Aim of the exercise - Could you restate the data word for word and drop the pictures?

Supplied data -

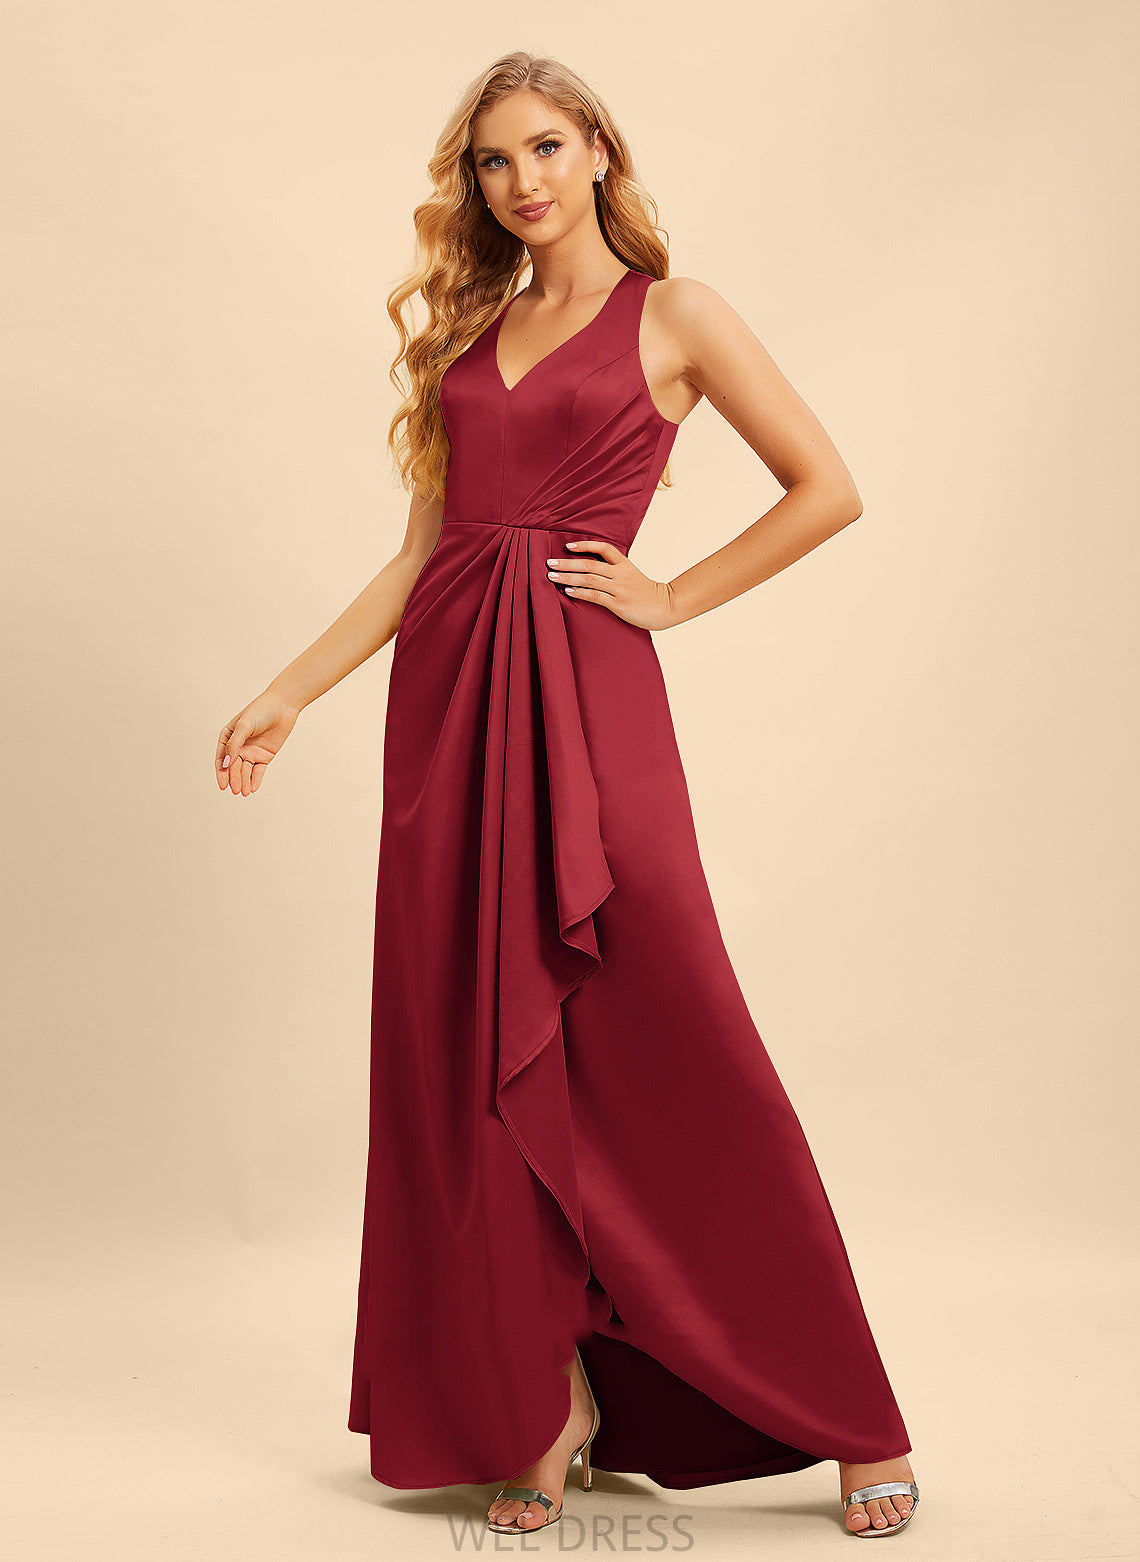 Ruffle V-neck Floor-Length SplitFront Silhouette Neckline Fabric A-Line Embellishment Length Lilah Sleeveless Bridesmaid Dresses
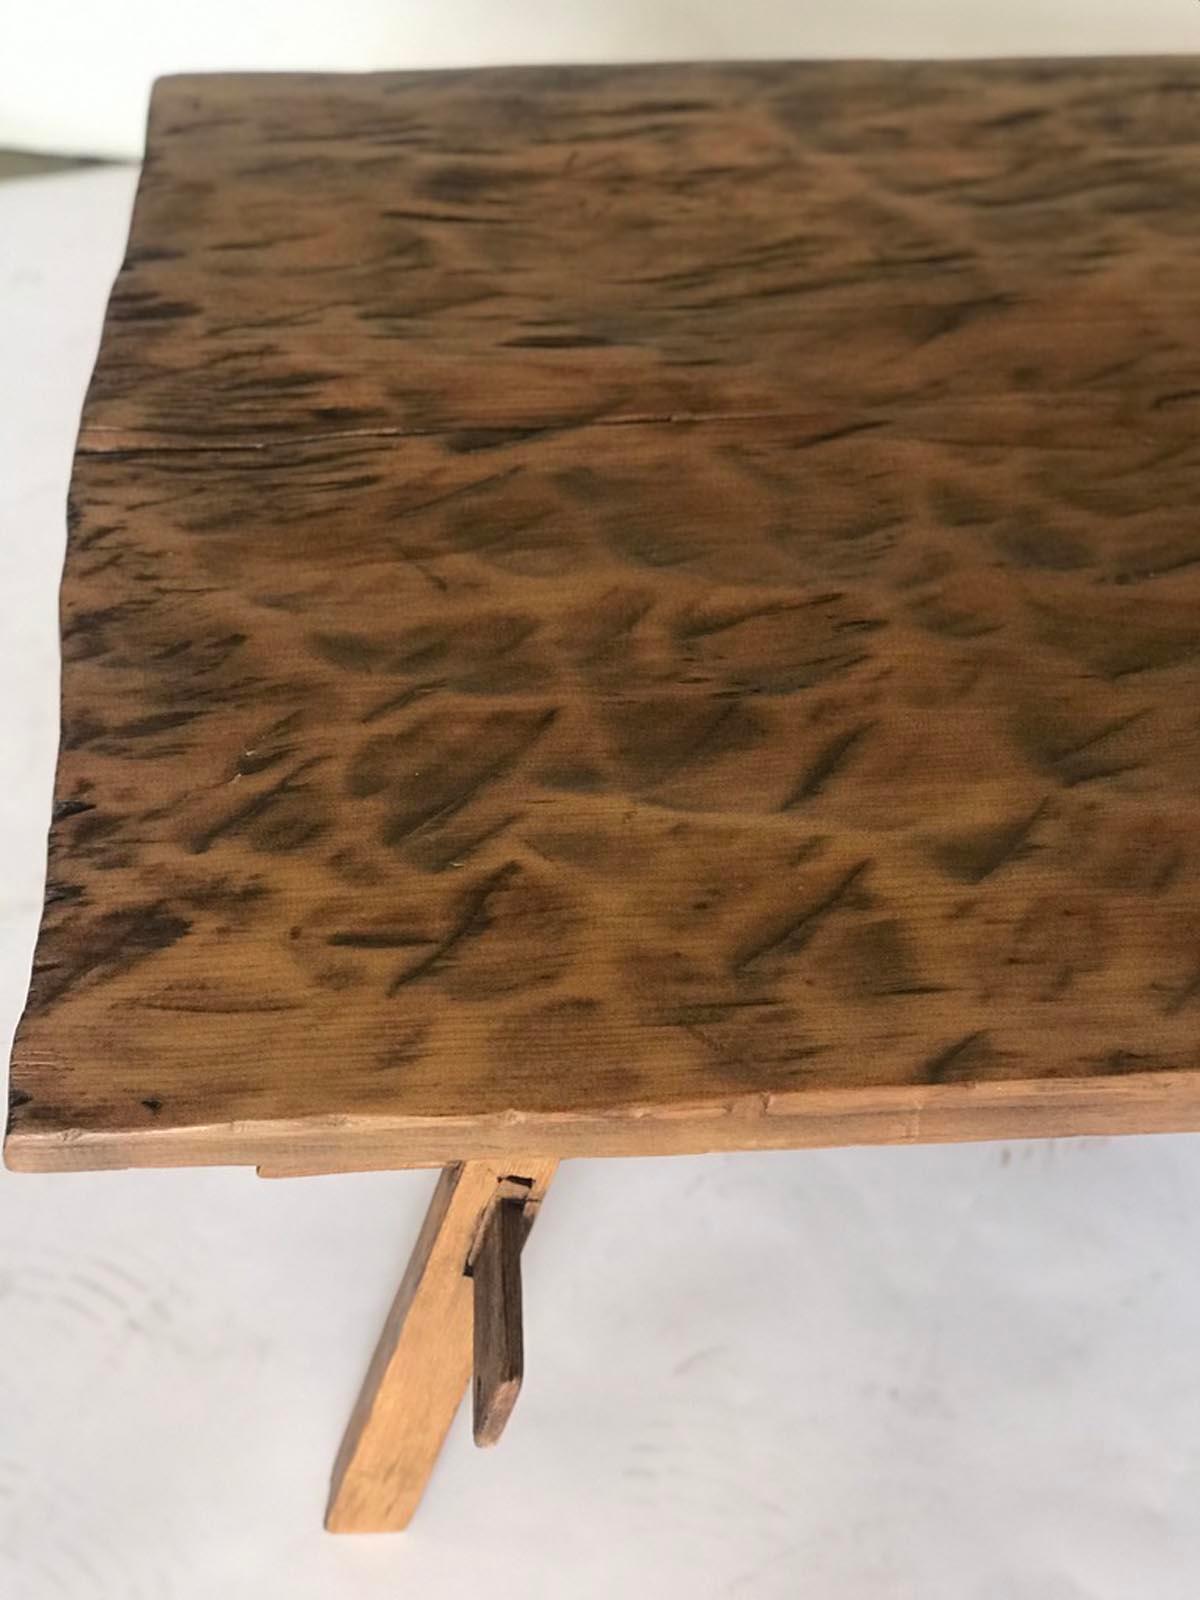 Wood One Wide Board Rustic Coffee Table
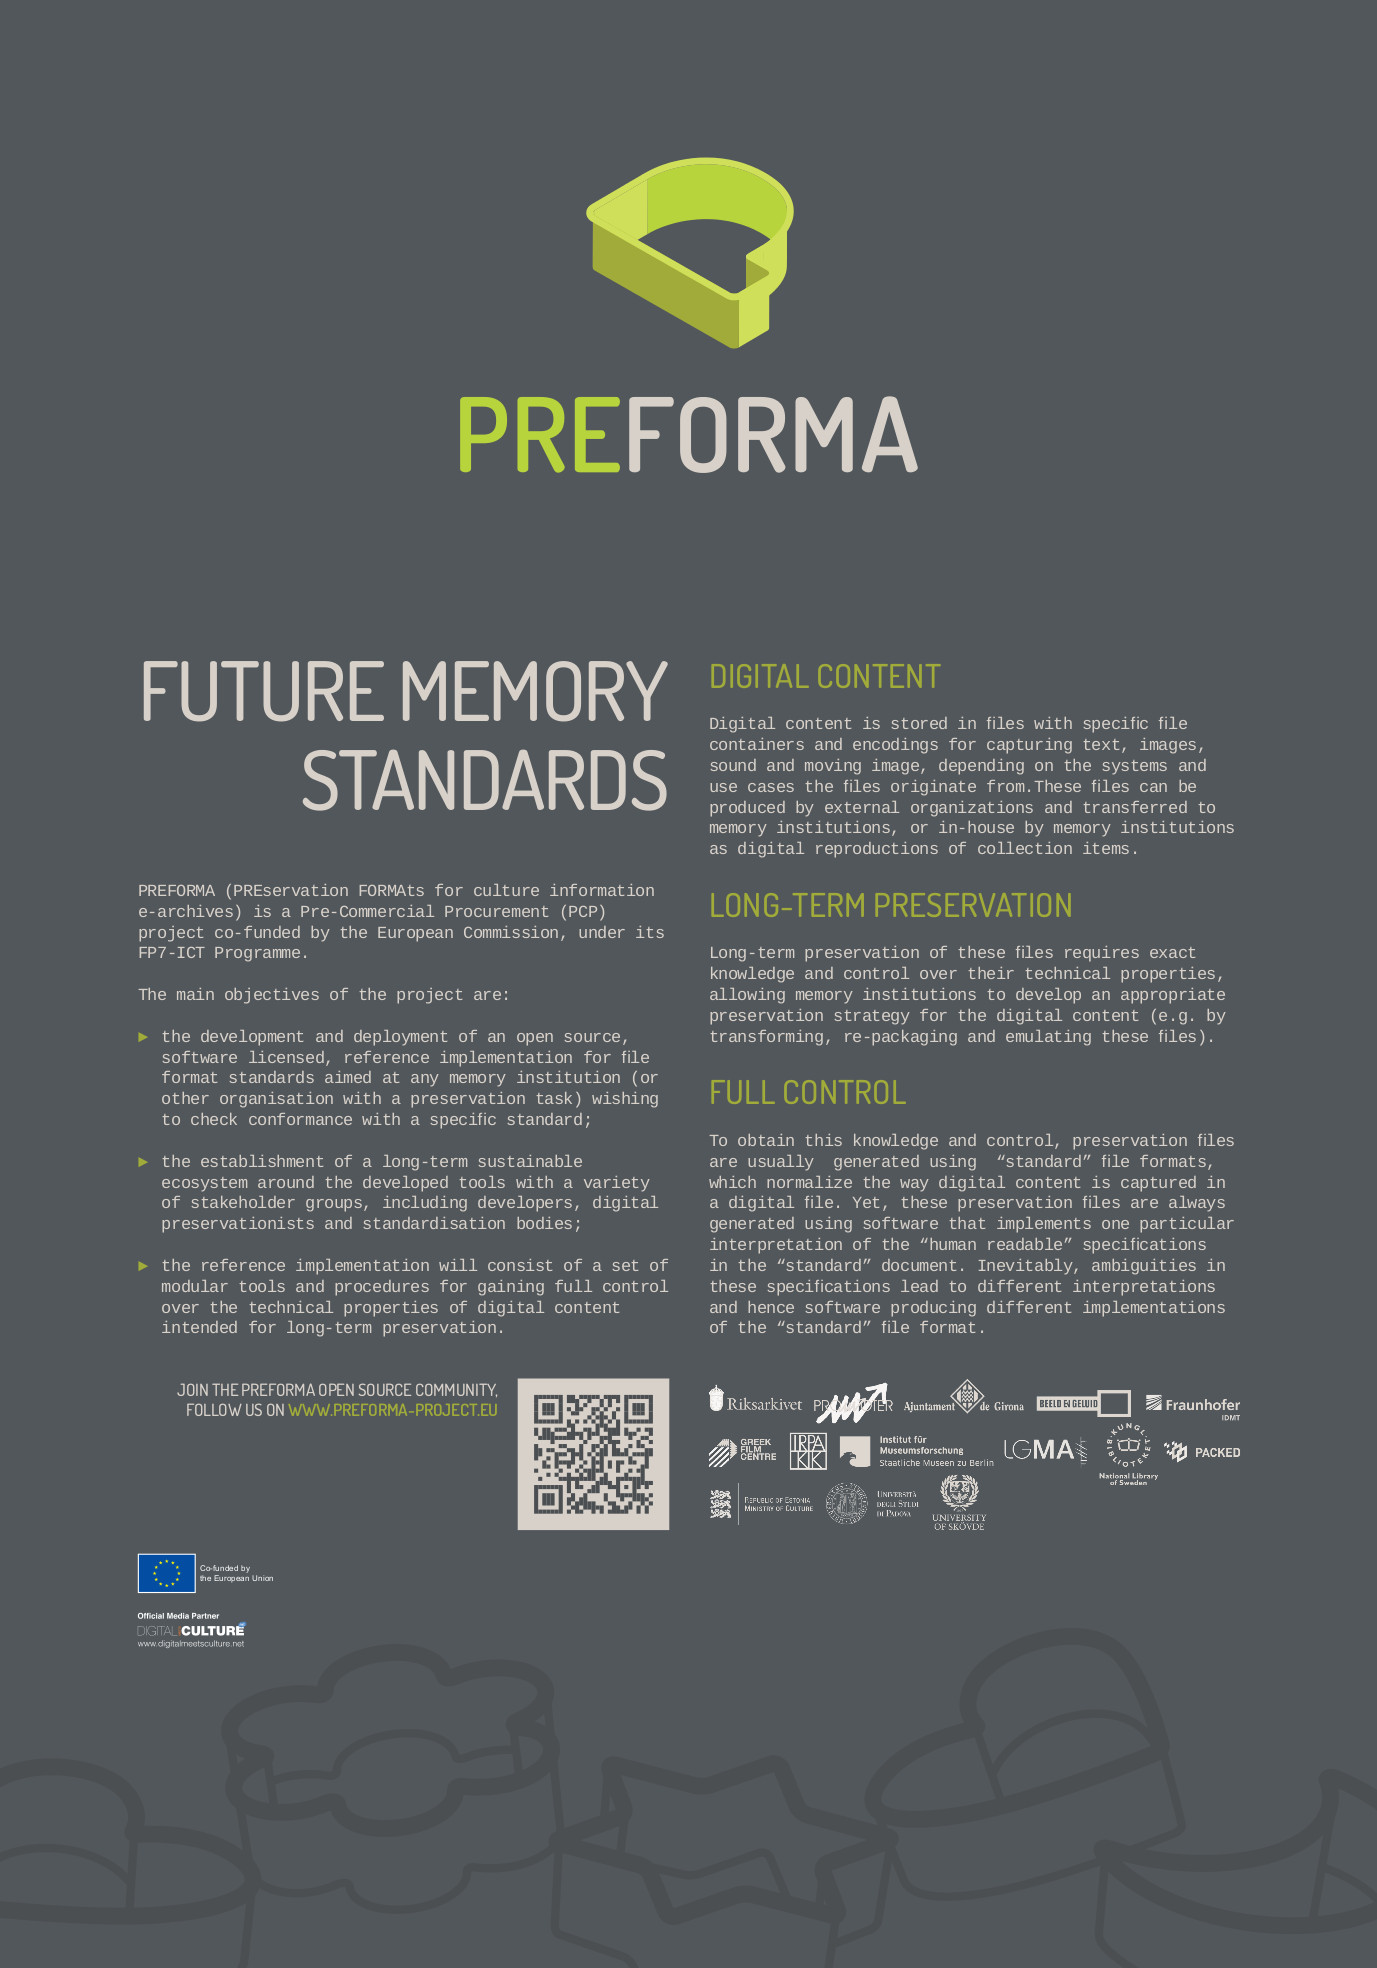 22. PREFORMA Project: Future Memory Standards

Solution for this task -
 Ruffle V-neck Floor-Length SplitFront Silhouette Neckline Fabric A-Line Embellishment Length Lilah Sleeveless Bridesmaid Dresses
 Wood One Wide Board Rustic Coffee Table
 22. PREFORMA Project: Future Memory Standards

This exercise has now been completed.